The Army Reserve is in one sense the keystone of our Army organisation. We have heard to-day that a great Reserve is the one thing the country requires in time of war and I agree with that "dictum." During my term of office the Army Reserve has risen from 66,000 to 91,485—the largest figure at which the Reserve has ever stood—and I believe before the end of the year it will probably reach the figure of 100,000 men. I think that is satisfactory. It is not altogether satisfactory, because I believe the Army Reserve ought to be liable to training at certain specified intervals. That is an ambition that may some day be realised.

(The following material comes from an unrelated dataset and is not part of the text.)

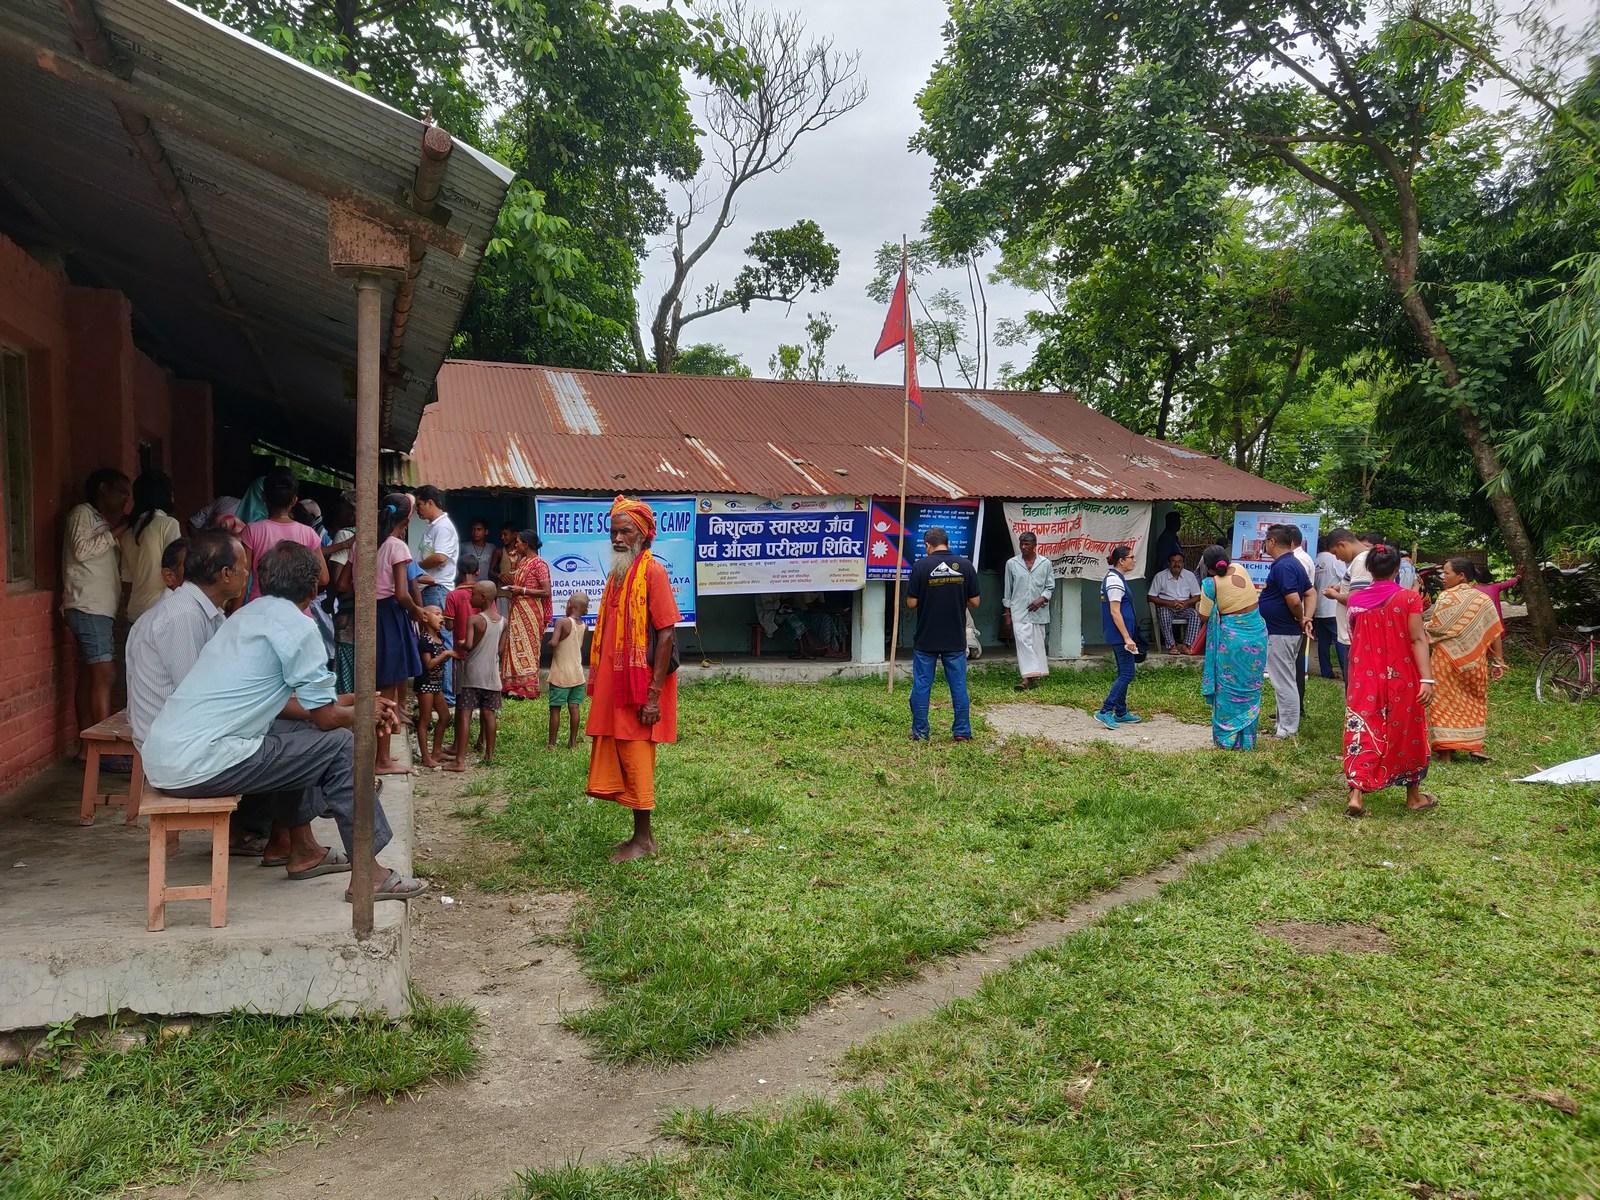 Free-Health-Camp-Eye-Screening-at-Gwala-Basti-Mechinagar-15-Jhapa-Nepal-Rotary-Club-of-Kakarvitta-18

I believe that there is no force in His Majesty's service from which we obtain better value for money expended than the Imperial Yeomanry. The reports which I have received from the inspecting officers are uniformly favourable. The class of officers in the Yeomanry is probably unique in Europe. We are getting, as we are certain to get in these circumstances, the willing services of capable men. I only hope the Yeomanry may continue to be in the future what they are at the present moment. I should like to say this in justification of my own administration. Both inside and outside this House I was taken to task for reducing the establishment of the Yeomanry regiments; but officer after officer who condemned me at the time I made that reduction has now had the kindness and generosity to acknowledge that that step was the wisest step that could be taken in the interests of the Yeomanry, and to it the Yeomanry owe some measure of their present excellent efficiency.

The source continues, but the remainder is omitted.